Something isn’t quite right about our list of episode titles. First of all, any true fan will notice instantly that there are actually 30 episodes in the original series, not 29! It turns out that the Twin Peaks Wiki uses a different URL pattern for the pilot episode. The script below scrapes the title from the pilot episode’s page. Notice that the URL ends in "/Pilot" instead of "/Episode_0", or "/Episode_1" as might be expected, given the pattern that is used for the subsequent 29 episodes.

get_title("https://twinpeaks.fandom.com/wiki/Pilot")

This isn’t a problem though. We can simply prepend the episode titles with the pilot’s title like this:

episode_titles <- episode_titles %>%
  prepend(get_title("https://twinpeaks.fandom.com/wiki/Pilot"))episode_titles

Notice that the first item is now the title of the Pilot episode, and the list contains 30 episodes in total

We now have the titles for all 30 episodes, including the pilot. It’s time to get the IMDB ratings for each episode. These are found on the IMDB pages about Twin Peaks, which you can see a preview of below. Notice also the green box in the top-left corner. IMDB splits the episode information into two pages, so once again we’ll have to account for multiple URLs in our script.

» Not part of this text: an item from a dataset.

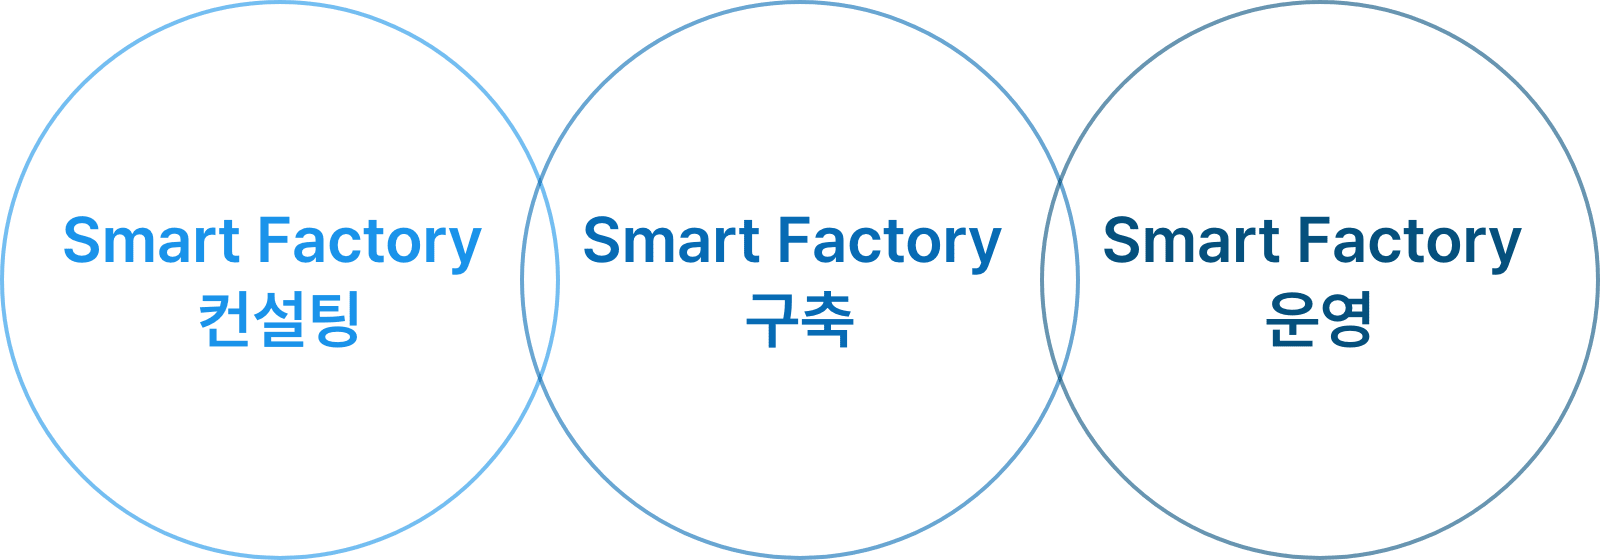 Smart Factory 컨설팅, Smart Factory 구축, Smart Factory 운영

The URLs for IMDB aren’t as pretty as the Twin Peaks Wiki ones. Below we create another function, get_season_url that returns the IMDB url for each season when mapped to the numbers 1 and 2. Pay attention to the part of the URL that reads season=1 or season=2.

get_season_url <- function(season_number) {
  str_c("https://www.imdb.com/title/tt0098936/episodes?season=",
  season_number,
  "&ref_=ttep_ep_sn_nx",
  .sep = "")
}season_urls <- map(1:2, get_season_url)season_urls

The ratings are contained inside of a span tag with the class "ipl-rating-star__rating". We can get the IMDB ratings using the same code that we used to get the titles for all episodes from the Twin Peaks Wiki. This will return to us a list of the episode ratings for each season. The "as.numeric" function at the end of the script simply ensures that we’re returning the ratings in a number format, rather than as text.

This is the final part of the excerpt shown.